PARIS - Loïck Peyron (Gitana Eighty), l'un des grands animateurs du premier mois du Vendée Globe, a démâté mercredi dans le sud de l'Océan indien, laissant la course autour du monde en solitaire orpheline de l'un de ses principaux favoris.

"J'étais à l'intérieur quand j'ai entendu un énorme bruit. Je suis sorti immédiatement, tout était un peu écroulé, le mât en plusieurs parties, la bôme sur le pont, toutes les voiles dans l'eau", a raconté Peyron, après avoir assuré qu'il était indemne.

Au moment de l'accident, Gitana Eighty occupait la troisième position. Mais Peyron avait impressionné ses adversaires depuis le départ, monopolisant la tête de la course presque pendant 16 jours consécutifs durant toute la descente de l'Atlantique.

Six skippeurs, sur les trente engagés, avaient déjà abandonné depuis le départ le 9 novembre, dont trois sur démâtage. Mais le Baulois, qui avait fêté ses 49 ans le 1er décembre, est le premier des grands favoris éliminés de ce Vendée Globe sans précédent, où plus d'une douzaine de coureurs sont encore groupés et en position de gagner après un mois de mer.

Sur le moment, Peyron ne s'expliquait pas son démâtage, survenu dans environ 30 noeuds (55 km/h) de vent, avec une surface de toile tout à fait adaptée aux conditions.

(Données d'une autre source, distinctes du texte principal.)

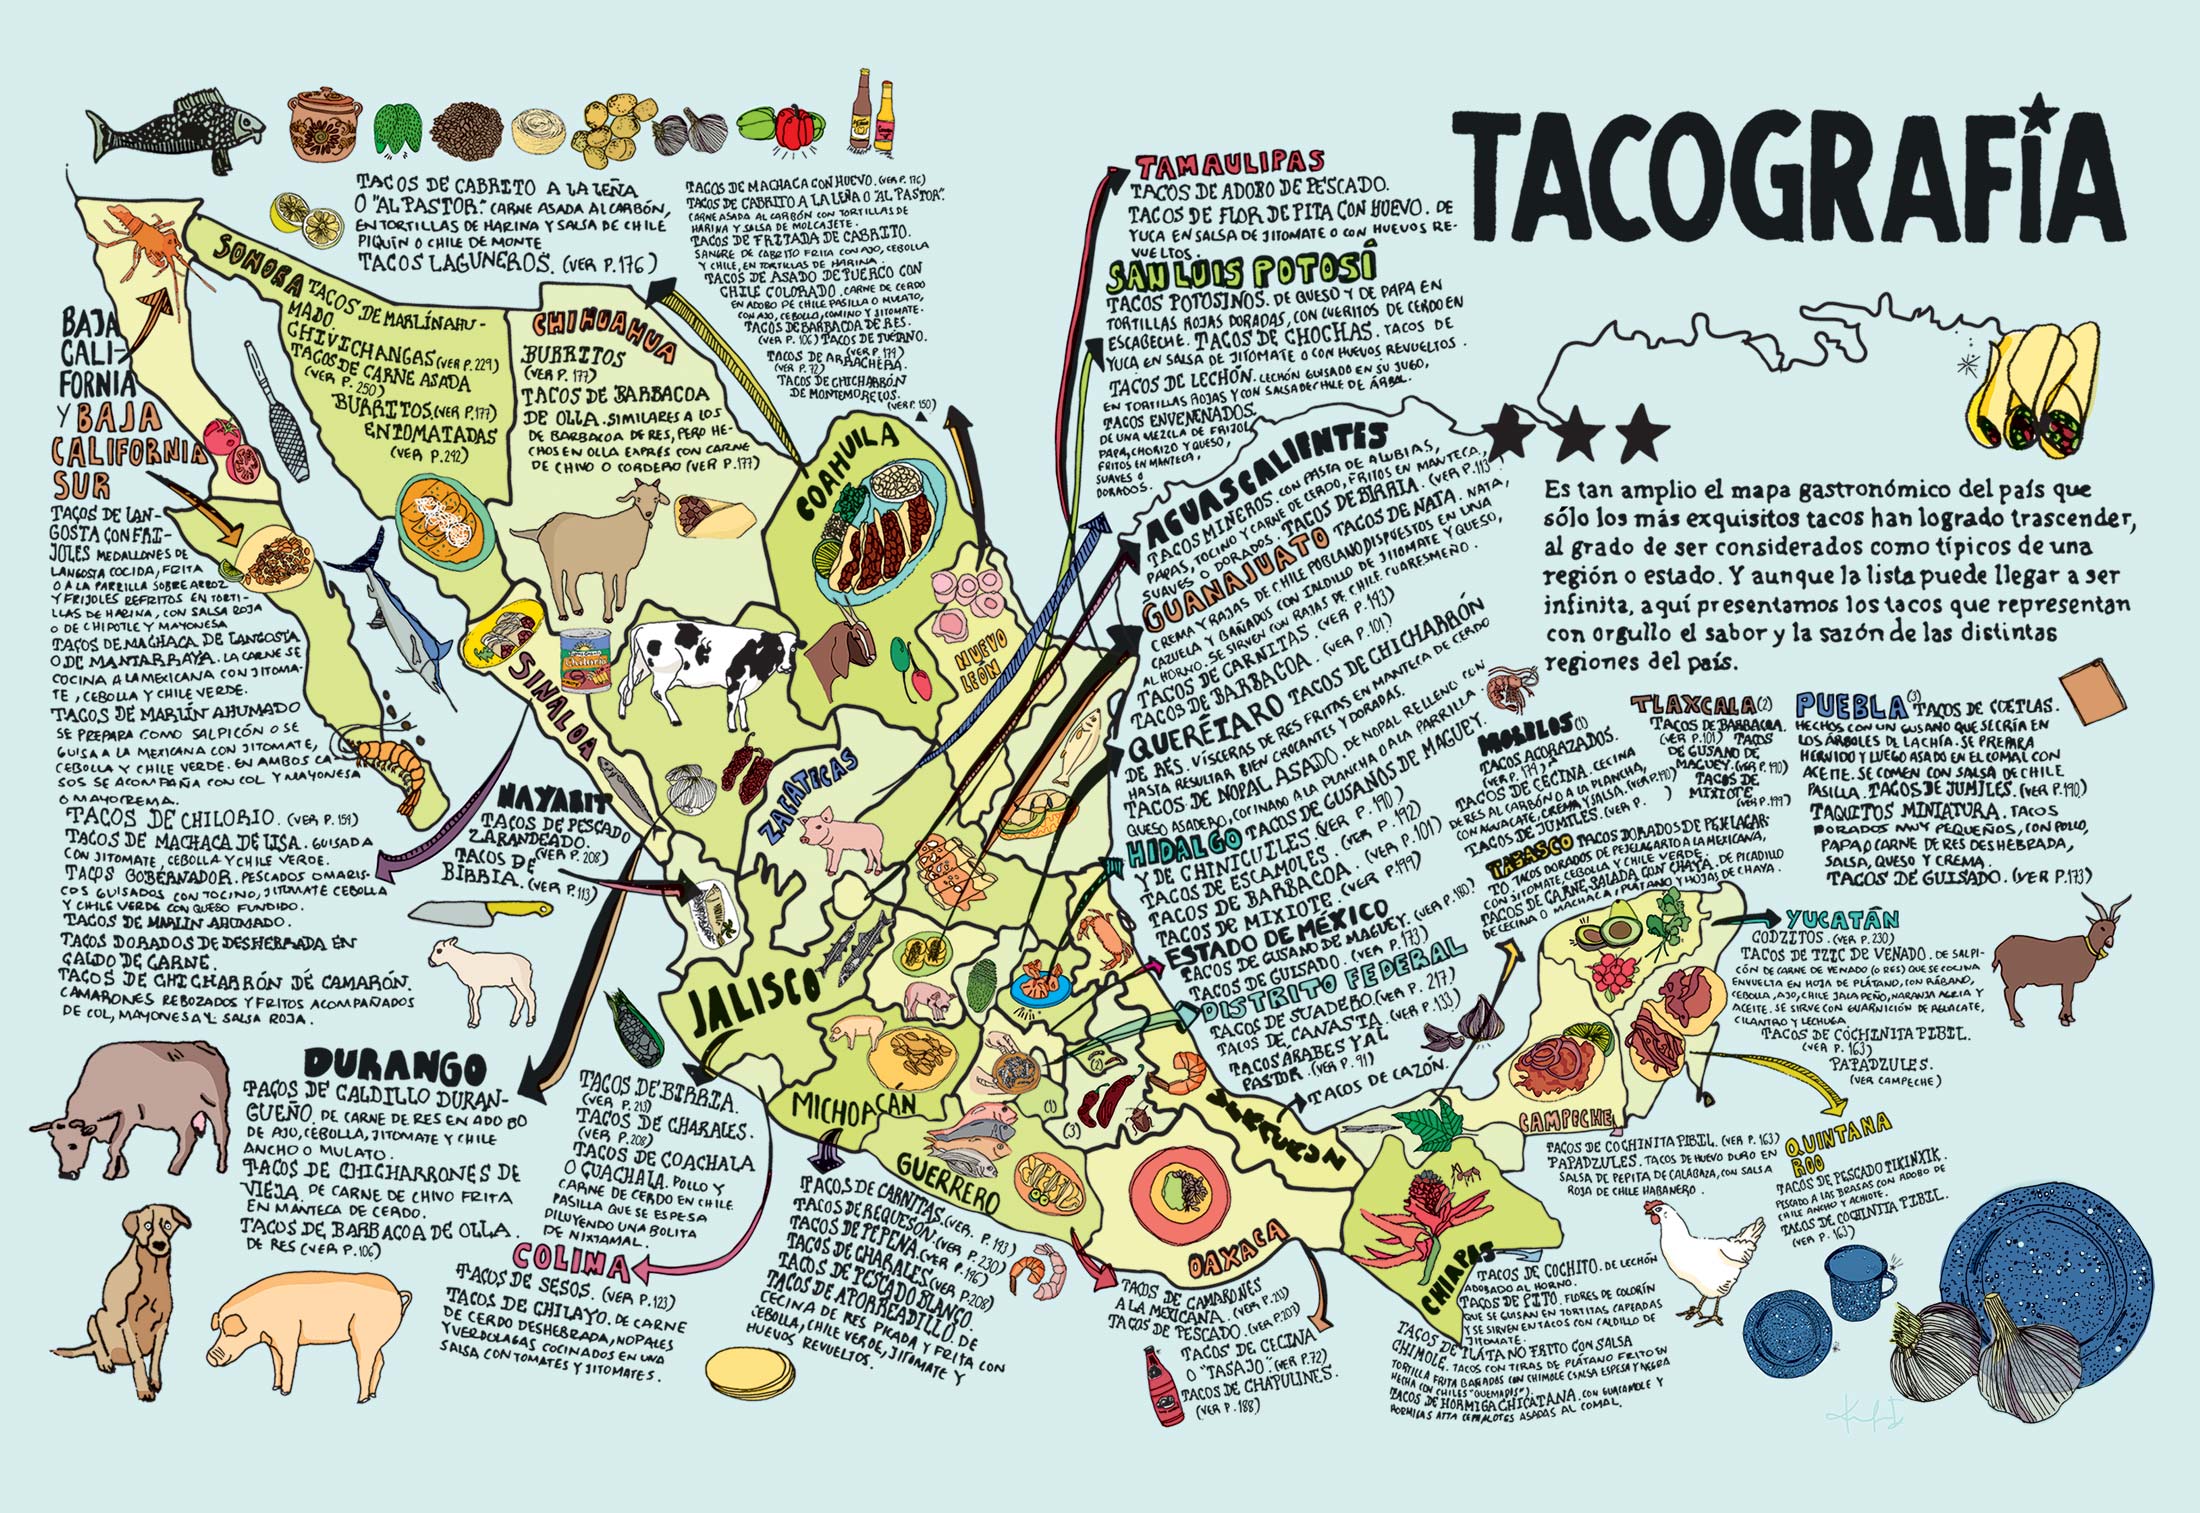 Regional varieties of Mexican tacos

Tout juste pouvait-il rappeler que Gitana Eighty, comme les autres bateaux, avait souffert dans la tempête des premiers jours dans le Golfe de Gascogne. Là où les trois premiers démâtages se sont produits.

Marie-Kerguelen

Lors de son contact radio avec l'organisation, quelques heures seulement après son abandon, Peyron le beau parleur choisissait des mots très sobres pour dire sa déception: "C'est tout simple, c'est rapide. Ca fait un peu mal (...) mais bon, il y a plus malheureux que moi".

Et puis, tout de suite, une pensée pour son équipe à terre, ses proches et son mécène, le groupe LCF Rothschild: "En général, on pense beaucoup plus fort à ceux grâce à qui on est sur l'eau quand on a un problème que quand tout va bien. Je pense à tout le monde en ce moment".

Peyron possède le plus beau palmarès de la voile française, mais n'a jamais gagné le Vendée Globe. Avant le départ aux Sables d'Olonne, quand on lui rappelait qu'il venait de remporter les quatre dernières courses auxquelles il avait pris part, il relativisait: "Il faut se dire qu'une victoire c'est toujours totalement aléatoire et extrêmement exceptionnel, surtout sur un Vendée Globe. Finir une course comme celle-là c'est déjà exceptionnel".

Mercredi soir, Peyron s'efforçait de bricoler un gréement de fortune, mais n'avait pas encore décidé de la route qu'il prendrait pour regagner la terre. La solution la plus simple lui semblait de piquer plein nord, soit vers l'Afrique du sud soit vers Madagascar, à 1.600 milles (2950 km) devant lui. Pour se rapprocher d'un port et ensuite solliciter un remorquage.

Peyron le sentimental s'est dit déçu, aussi, de ne pas avoir atteint les îles Kerguelen, vers lesquelles les leaders continuent de faire voile. Lors du premier Vendée Globe, en 1989, sa fille est née alors qu'il passait au large de ces îlots désertiques. Elle se prénomme Marie-Kerguelen.